Опрокинул в рот горлышко бутылки, и было слышно, как булькала водка, перекатываясь в утробу Ермишки.
– Эх! Хорошо! Выпили бы рюмочку! Для лихорадки? Отсырели, небось… Я вас высушу. Жарко будет, барышня!
Встал, подошел к Веронике.
– И что такое, княгиня? Поцеловать вас охота, а боюсь. Ручку даже не раз целовал, а вот в уста не доводилось… Вы как полагаете об этом? Достоин я за все мои заслуги перед вами?
– Только не сейчас. После… после чаю.
– Можно подождать. Ночь-то наша. А ведь я думал, что вы рассердитесь!..
– На что? Вот пустяки!
– Правильно! Значит, сладимся? Торговаться не будем?
Вероника кивнула головой. Все это было так неожиданно для Ермилы, что он ушам не верил. Согласна! С ним, солдатом! Озлился вдруг, точно она его обидела этим неожиданным согласием. Значит, гулящая, со всеми путается… А он думал, что силком придется…

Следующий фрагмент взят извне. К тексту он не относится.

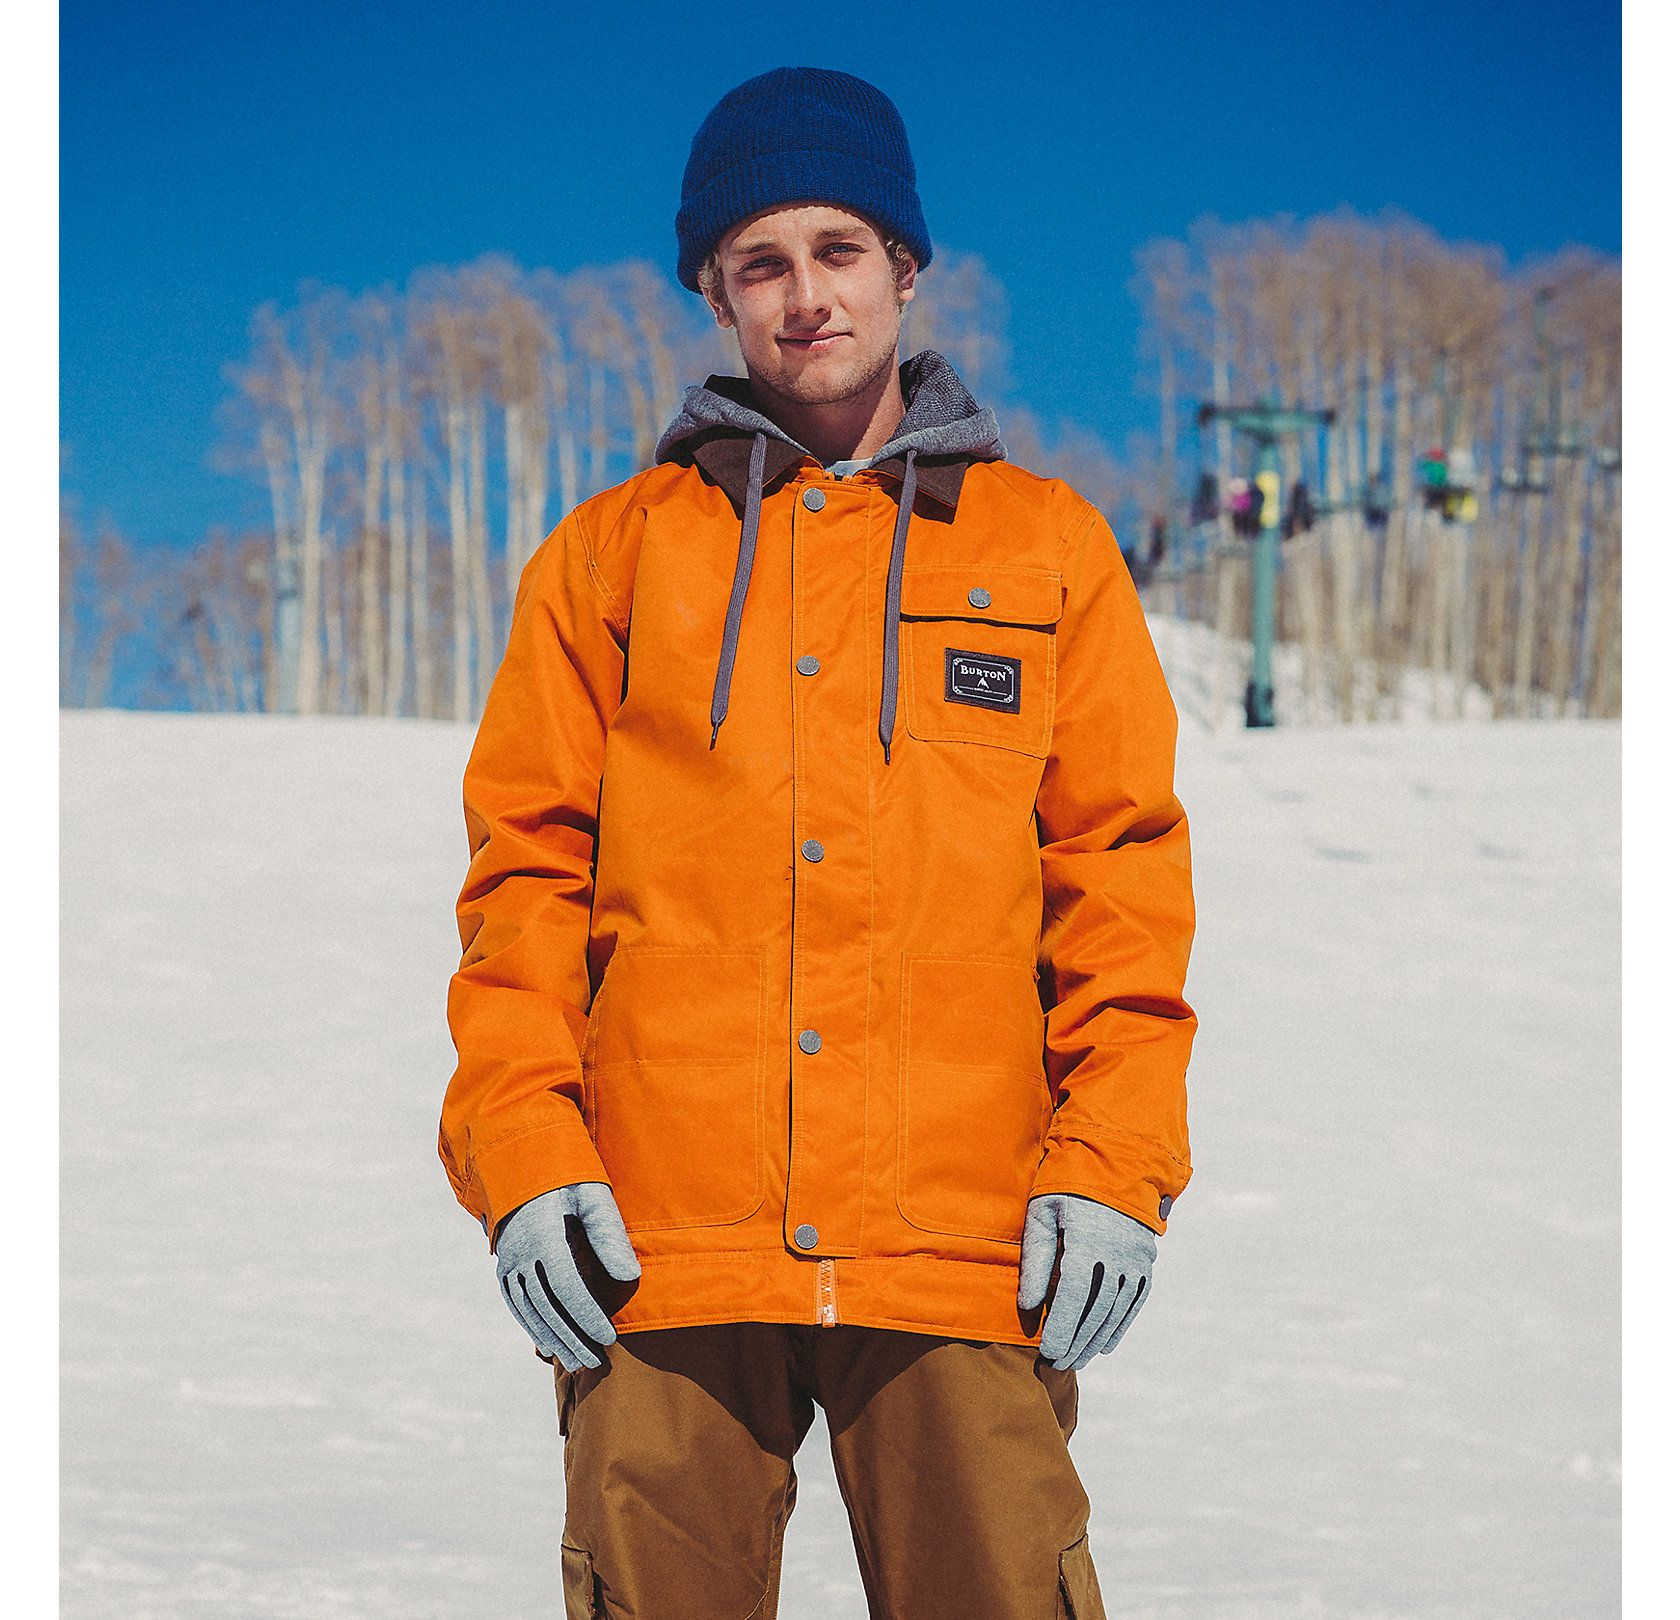 87aa84c548 Burton Dunmore Jacket | snowboard | Jackets, Winter jackets, Burton ...
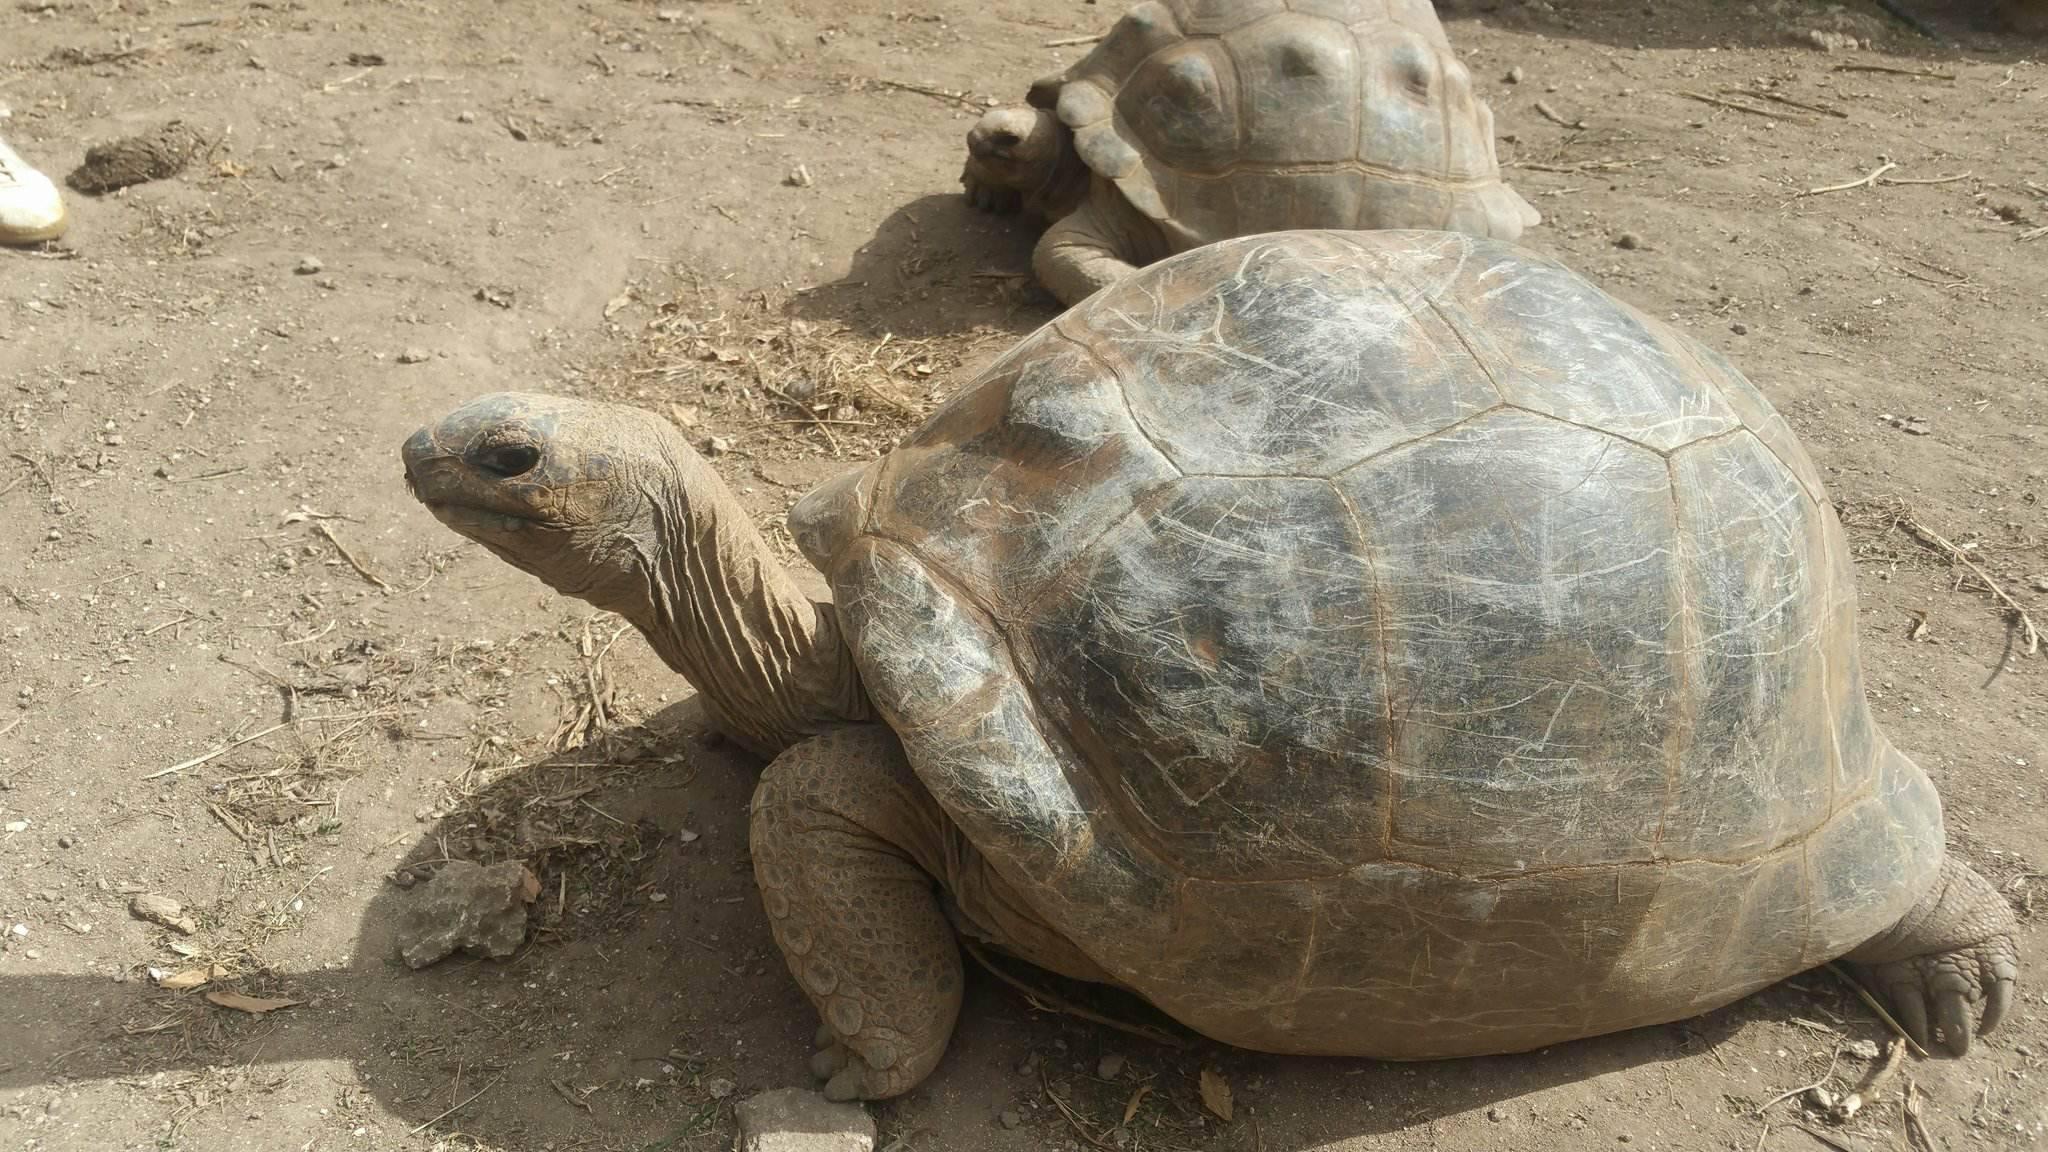 Giant Tortoise of Mauritius

– Вот и поглядите, кто слаще: поручик или солдат…
– Погляжу.
– А кто у тебя первый был?
Перешел вдруг на «ты». В разговоре начал вставлять неприличные слова и ругательства.
– Я так полагаю, что теперь нет промежду вами, девчатами, которые невинные, то есть с мужчинами дела не имели… Время такое. Может, разя только вот эта девчонка – в неприкосновенности еще… А все-таки один раз я невинную имел! – похвастался Ермишка и рассказал про случай с помещичьей дочкой. Подал Веронике чашку с чаем, без блюдечка, подал сахар. Когда она взяла чашку, скользнул рукой под мышку, тронул грудь и опять со стоном крякнул:
– Эх!
Вероника понимала, что приходит конец ее страшной игре. Надо убить человека или отдаться зверю.
– Ермиша! Когда же попадем в Балаклаву?
– А ты не торопись! Мне теперь не в Балаклаву, а в другое место съездить охота. Пей, что ли, скорее да лягем!.. Вон уж и одеяло просохло…
Ермишка снял одеяло, погладил его рукой и вдруг разъярился.
– Помягче будет… Ты на жестком-то непривычная…
Припал на колени, стал приготовлять брачное ложе. Ползал, торопился.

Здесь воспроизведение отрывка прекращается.